Newmont Corporation (NYSE: NEM) (TSX: NGT) recently announced full year and fourth quarter 2020 results. 2020 HIGHLIGHTS were: Produced 5.9 million attributable ounces of gold and over 1 million attributable gold equivalent ounces of co-products, gold CAS* of $756 per ounce, and gold AISC* of $1,045 per ounce achieving 2020 full-year guidance; Generated record $4.9 billion of cash from continuing operations and $3.6 billion of Free Cash Flow (97% attributable to Newmont); Ended the year with $5.5 billion of consolidated cash and $8.5 billion of liquidity with a net debt to adjusted EBITDA* ratio of 0.2x; Announced industry-leading dividend framework and declared fourth quarter dividend of $0.55 per share, an increase of 38 percent over the prior quarter and a total declared dividend for 2020 of $1.45 per share**; Completed the 2020 $1 billion share-repurchase program and recently announced a new $1 billion share-repurchase program; Delivered over $2.7 billion to shareholders through dividends and share buybacks in 2019 and 2020; Achieved best safety performance in the Company’s history, focusing on fatality risks across our business; Recognized as top-ranked gold miner for the sixth consecutive year in DJSI Index, announced industry-leading climate targets for greenhouse gas emissions and committed $500 million over 5 years to climate change initiatives; Reported industry-leading reserves of over 94 million ounces of gold mineral reserves and 65 million ounces of gold equivalent ounces reserves; and Announced 2021 outlook of 6.5 million ounces for 2021, and between 6.2 and 6.7 million ounces through 2023 and between 6.5 and 7.0 million ounces longer-term through 2025.
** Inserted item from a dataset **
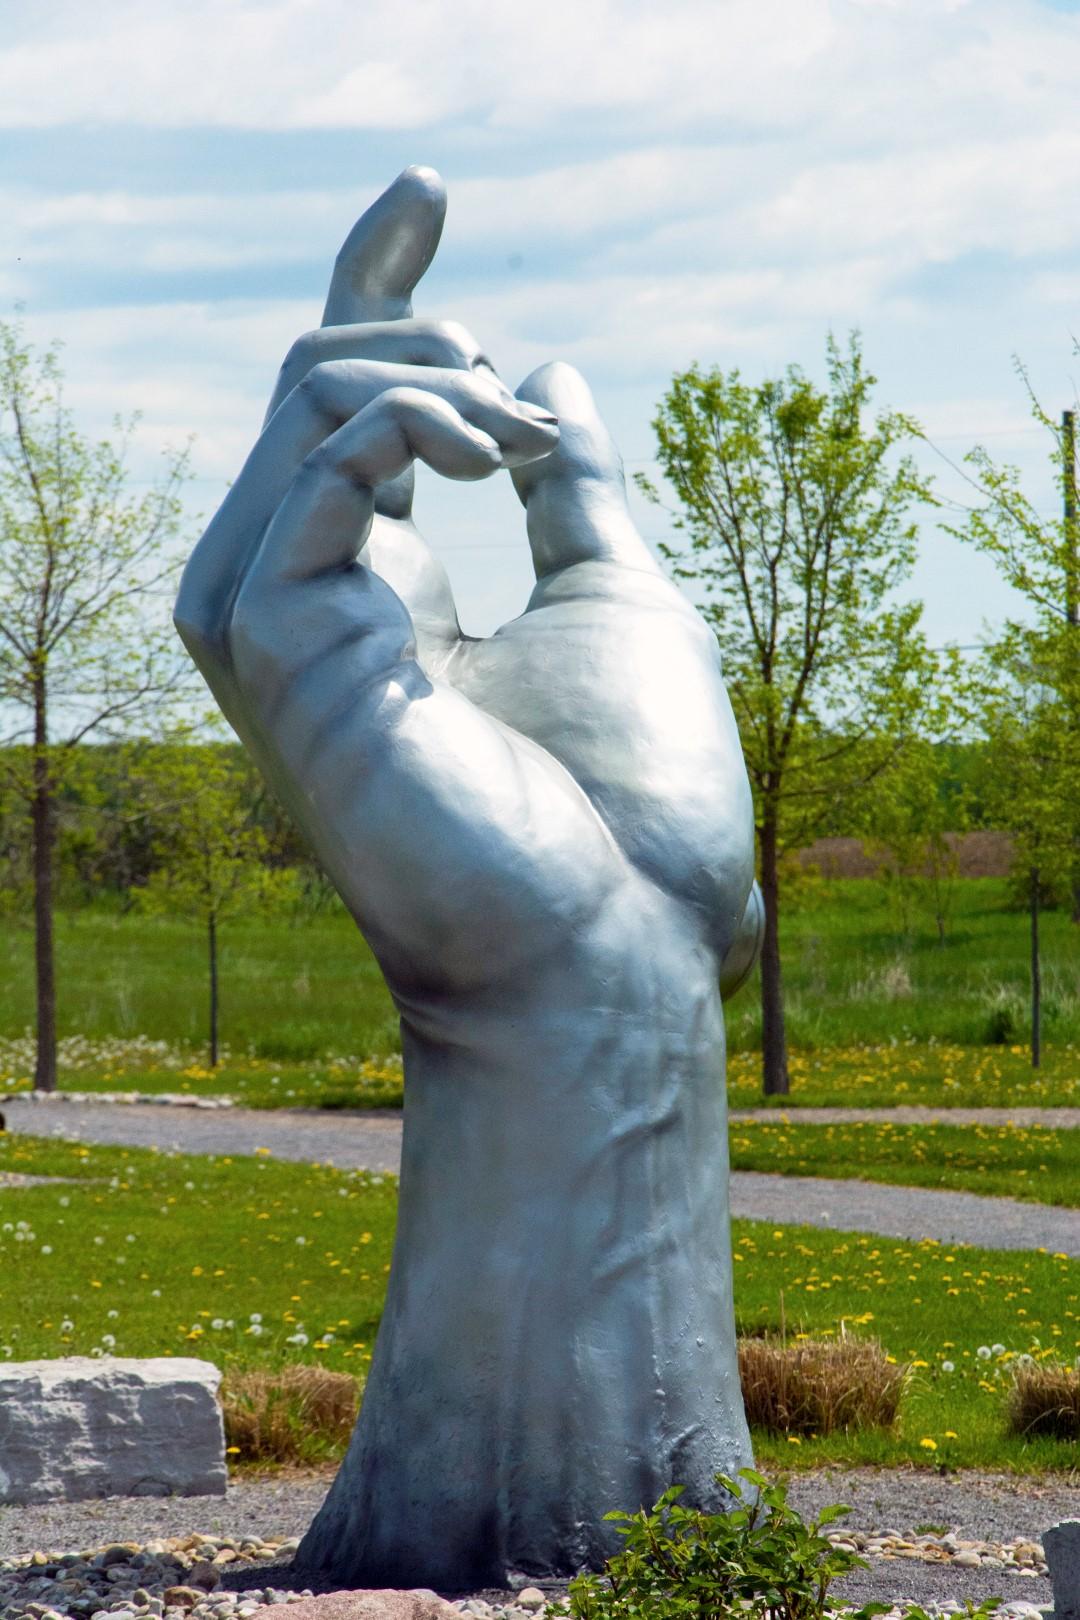 Créée par l'artiste canadien David Sheridan, cette sculpture extérieure en fibre de verre est une intersection unique de la sculpture figurative pop et classique. L'index de la main massive pointe vers le ciel, mais de manière plus ouverte que le

Hecla Mining Company (NYSE: HL) recently announced fourth quarter and full year 2020 financial and operating results. HIGHLIGHTS were: Fourth quarter sales of $188.9 million; cash flow from operations of $64.9 million; free cash flow $28.3 million1 net income of $0.8 million; adjusted net income applicable to common shareholders of $13.0 million, or $0.02 per share2; and adjusted EBITDA of $55.8 million; 2020 silver production of 13.5 million ounces, up 7% and gold production of 208,962 ounces, down 23%, from 2019, which was Hecla’s highest annual gold production; 2020 sales of $691.9 million (the highest in the Company’s history); cash flow from operations of $180.8 million; free cash flow of $89.8 million1; adjusted net income applicable to common shareholders of $23.1 million, or $0.04 per share2; net loss of $16.8 million; and adjusted EBITDA of $224.3 million; Third highest silver and gold reserves in Company’s 130-year history despite significant interruptions to 2020 exploration program due to COVID-19; Exploration discoveries at Midas, Casa Berardi, San Sebastian, Heva Hosco, and Kinskuch expect to be further drilled in 2021; Net debt reduction of approximately $81 million, or 17%, from March 31, 2020; Year-end cash position of $130 million, an increase of $67 million from 2019 with the credit facility undrawn; All-Injury Frequency Rate (AIFR) of 1.22 for 2020, lowest in the Company’s history and a reduction of 24% over 2019; Lucky Friday returned to full production levels in the fourth quarter of 2020; and Production guidance increases projected silver production over 2020 production.